Budidaya Strawberry Di Dataran Rendah
Strawberry pertama kali ditemukan di chilli dan saat ini merupakan buah yang banyak dibudidayakan di Indonesia. Umum dibudidayakan di dataran tinggi karena syarat tumbuh yang memerlukan lingkungan tumbuh bersuhu dingin dan lembab dengan suhu optimum antara 17 – 20 °C, kelembaban 80 – 90 %, penyinaran 8 - 10 jam per hari dan curah hujan berkisar 600 mm – 700 mm per tahun. Di luar persyaratan tumbuh tersebut, strawberry masih mungkin untuk dibudidayakan dengan perlakuan-perlakuan tambahan agar bisa untuk tumbuh dengan baik.
Di Kota Yogyakarta, tanaman strawberry juga mudah dijumpai. Penanaman di dataran rendah masih memungkinkan dengan pengairan atau penyiraman yang intens. Dalam sehari dilakukan penyiraman sebanyak 2 kali di pagi dan sore hari.

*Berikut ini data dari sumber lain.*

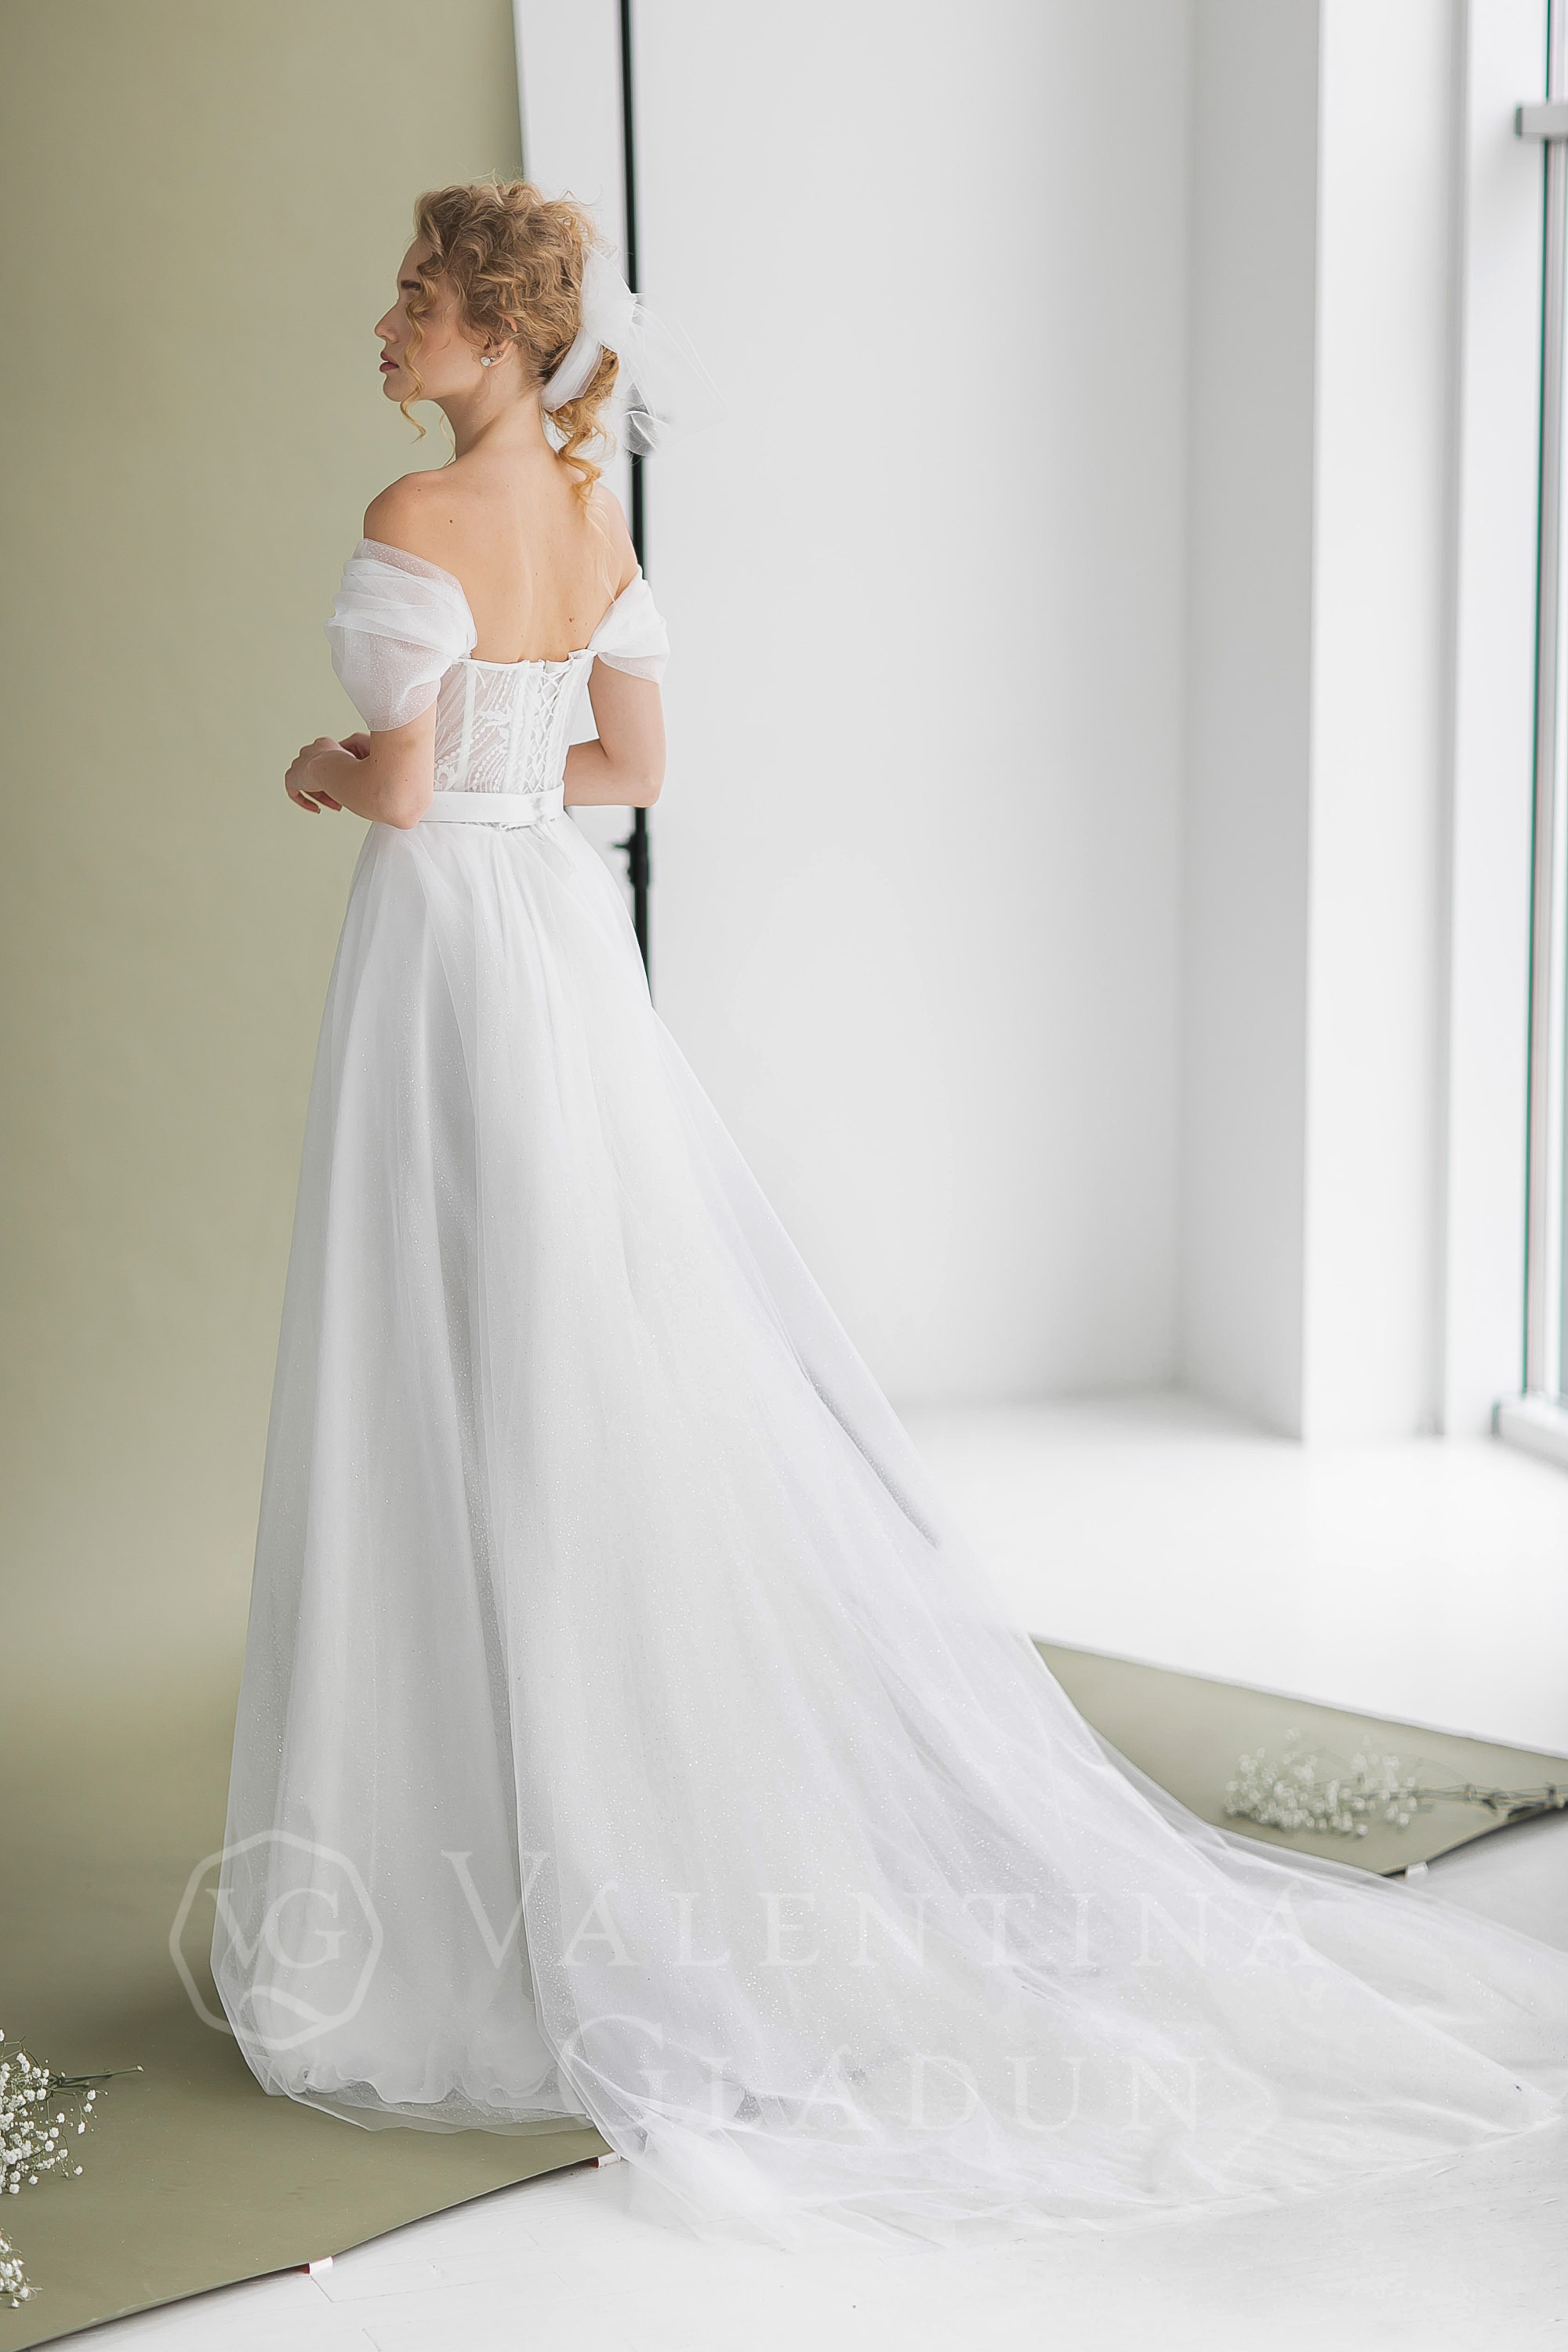 Chelles Valentina Gladun wedding dress 2021

Faktor cahaya mempunyai peranan penting untuk pertumbuhan strawberry. Pada umumnya strawberry menyukai sinar matahari langsung tetapi dengan suhu udara yang relatif rendah. Suhu dataran rendah yang tinggi sering menyebabkan daun strawberry mengkerut dan pada tingkat yang lebih tinggi intensitas cahayanya daun bahkan bisa mengering. Untuk mengatasi pengurangan intensitas cahaya yang diterima, tempat pembudidayaan bisa ditutup dengan paranet di bagian atapnya.

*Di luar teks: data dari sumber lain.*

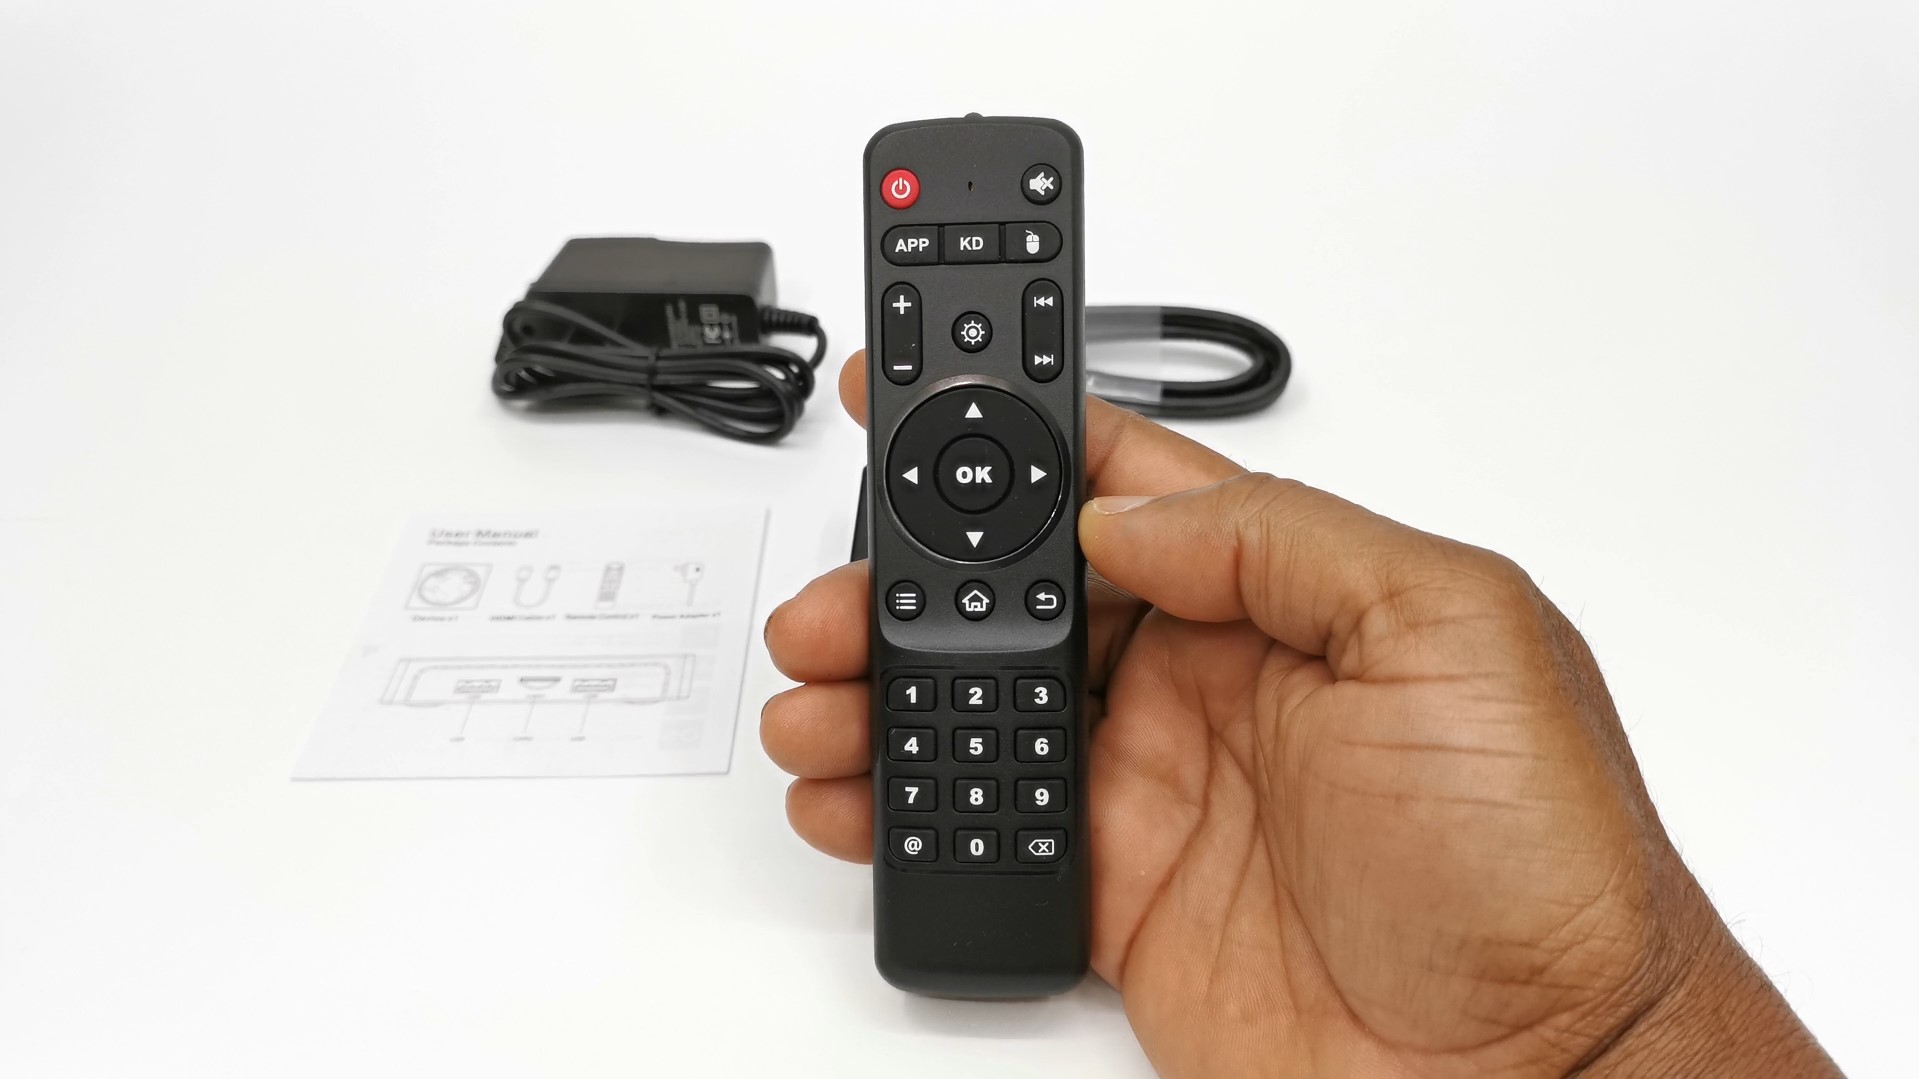 X98 Mini S905W2 IR remote control

Untuk pembentukan bunga, dibutuhkan perbedaan suhu yang tinggi antara malam dan siang hari serta kelembaban yang sesuai untuk pembentukan bakal buah yaitu sebesar 80 – 90%. Pada budidaya di dataran rendah menurut ibu siti, pengelola kebun strawberry di Ngipiksari, buah yang dihasilkan berat atau volumenya tidak akan sebesar buah strawberry yang ditanam di dataran tinggi. Buah strawberry di dataran rendah akan berukuran lebih kecil karena suhu yang tinggi di dataran rendah akan menyebabkan buah cepat merah, matang sebelum mencapai volume buah yang maksimal.